St Catherine’s Catholic College, The Whitsundays

1925 – PRESENT

Since the building of a sugar mill there in 1890, the town of Proserpine had begun to grow significantly. By the 1920s the need for sisters to establish a permanent school in the area was becoming desperate. Father Walsh requested that the Sisters of Mercy establish a school in Proserpine, and Sisters Mercy Tarrant, Bernard Wood and Veronica Wall arrived there in 1925. Local fundraising provided the funds for a school to be built. It was a timber building on stilts, with a large central room and wide verandahs. Classes continued to be taught in this building for 35 years. In 2012, a new campus was established to cater for increasing student enrolments and subsequently secondary education was introduced in 2013.

1927

St Colman’s Catholic School, Home Hill

1927 – PRESENT

The Mercy Sisters led by Mother Benedicta opened the first school in Home Hill in 1927. She and her colleagues resided in St Brigid’s Convent and taught classes at St Colman’s Church.
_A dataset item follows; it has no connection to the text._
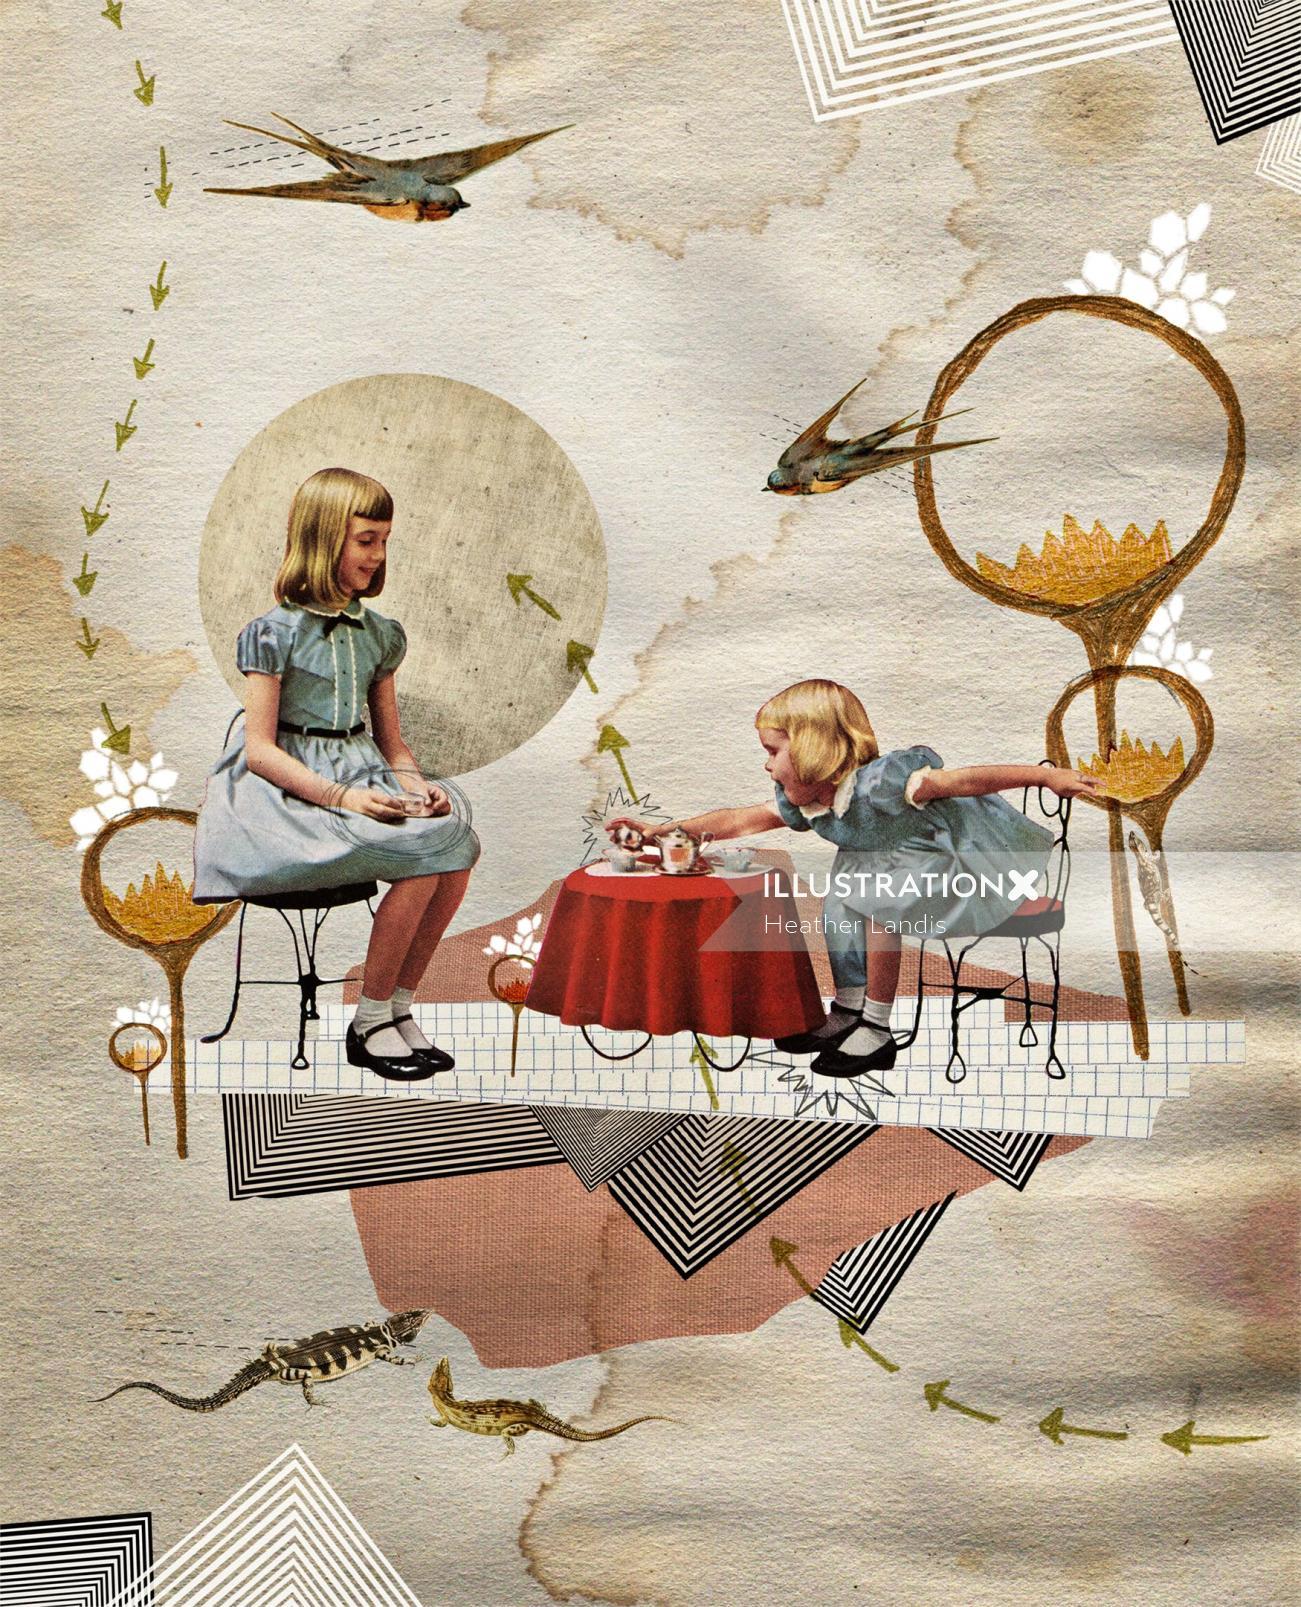 Girls playing illustration by Heather Landis

A formal school building was completed in the 1930s, and it was later improved with the addition of verandahs and partitions to separate classrooms. In 1986 Sister Alexis was the only remaining sister at St Colman’s School, and she retired at the end of that year.

1928

St Columba’s School, Belgian Gardens

1928 – 1975

Bishop Shiel travelled north from Rockhampton to attend the opening of a new Sisters of Mercy convent school at Belgian Gardens in 1928. From its opening until improvements were made in 1940, classes at St Columba’s School were held underneath the church. The new school building was completed just in time to be commandeered for military purposes during the Second World War. After the closure of the school the original building was relocated in 1975 and became a PCYC building in Belgian Gardens.